6.22 )An ornithologist weighs a bird bone in air and in water to find the bone's density. The mass of the bone in air is 25.0 g and its apparent mass in water is 2.0 g.
a. What mass of water does the bone displace?
b. Calculate the volume of water displaced.
c. Assuming the bone's volume to be equal to that of the water displaced, calculate the density of the bone.
Note: Provide me a solution/formula pls? Thanks!
I will be happy to critique your work.
a. To find the mass of water displaced by the bone, we need to subtract the apparent mass of the bone in water from its mass in air.
Mass of water displaced = Mass of bone in air - Apparent mass of bone in water
Mass of water displaced = 25.0 g - 2.0 g
Mass of water displaced = 23.0 g
b. The volume of water displaced by the bone can be calculated using the formula:
Volume = Mass of water displaced / Density of water
The density of water is approximately 1 g/cm³.
Volume = 23.0 g / 1 g/cm³
Volume = 23.0 cm³
c.
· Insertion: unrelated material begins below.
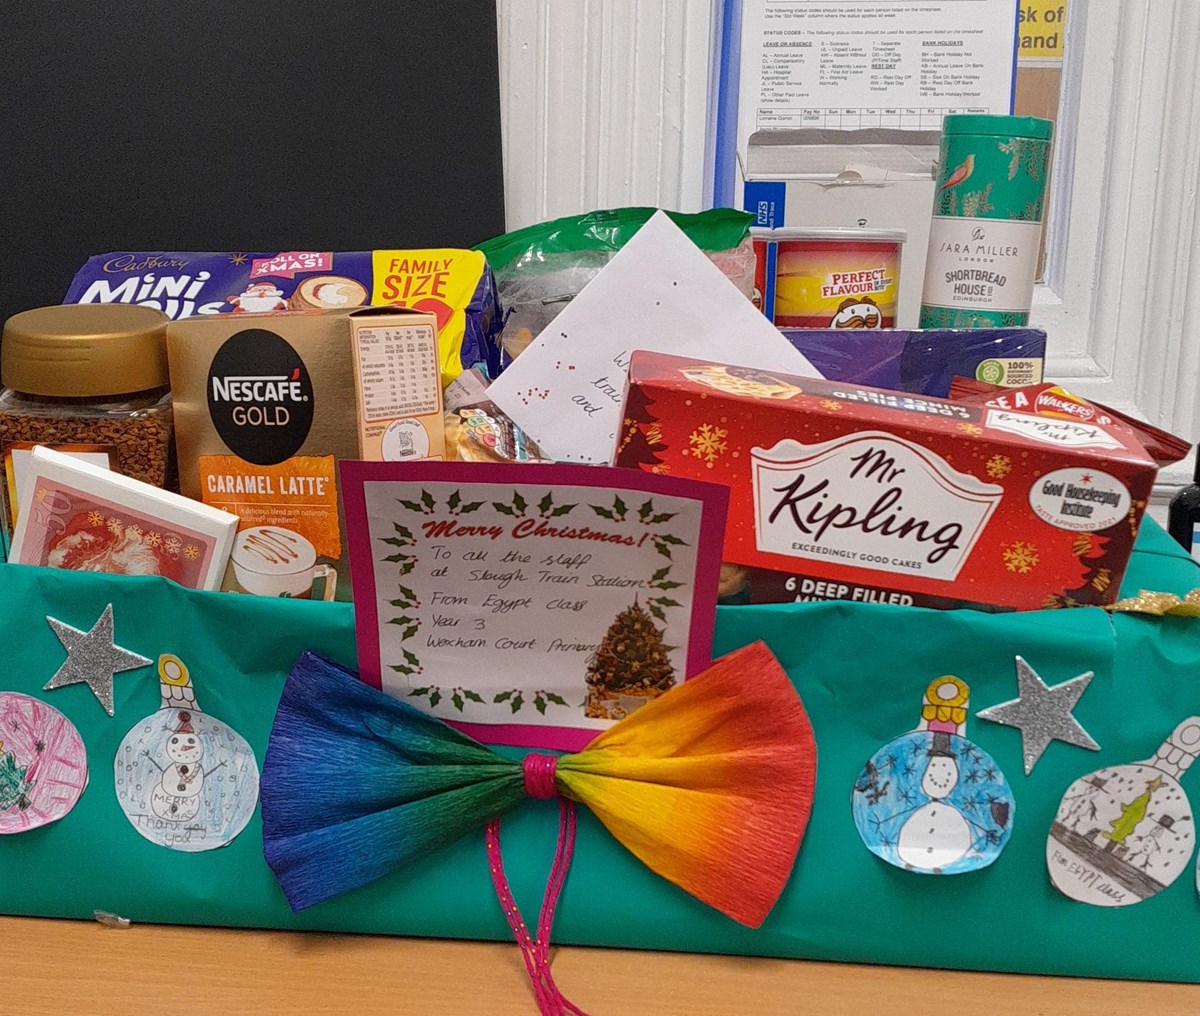 The Christmas hamper from Egypt Class

Assuming the volume of the bone is equal to that of the water displaced, we can calculate the density of the bone using the formula:
Density = Mass of bone in air / Volume
Density = 25.0 g / 23.0 cm³
Density = 1.09 g/cm³
a. To find the mass of water displaced by the bird bone, we need to use Archimedes' principle, which states that the buoyant force experienced by an object submerged in a fluid is equal to the weight of the fluid displaced.
In this case, the mass of the bone in air is 25.0 g, and its apparent mass in water is 2.0 g. The apparent mass is the difference between the mass of the bone in air and the mass of the bone in water.
So, the mass of water displaced by the bone is calculated as follows:
Mass of water displaced = Mass in air - Apparent mass in water
= 25.0 g - 2.0 g
= 23.0 g
Therefore, the mass of water displaced by the bone is 23.0 g.
b. The volume of water displaced can be calculated using the formula:
Volume of water displaced = Mass of water displaced / Density of water
The density of water is typically around 1 g/cm³. So, using the mass of water displaced (23.0 g), we can calculate the volume of water displaced as follows:
Volume of water displaced = 23.0 g / 1 g/cm³
= 23.0 cm³
Therefore, the volume of water displaced by the bone is 23.0 cm³.
c. Assuming the bone's volume to be equal to that of the water displaced, we can calculate the density of the bone by dividing the mass of the bone in air by the volume of water displaced:
Density of bone = Mass of bone in air / Volume of water displaced
Using the given mass of the bone in air (25.0 g) and the calculated volume of water displaced (23.0 cm³), we can calculate the density as follows:
Density of bone = 25.0 g / 23.0 cm³
Therefore, the density of the bone is 1.08 g/cm³.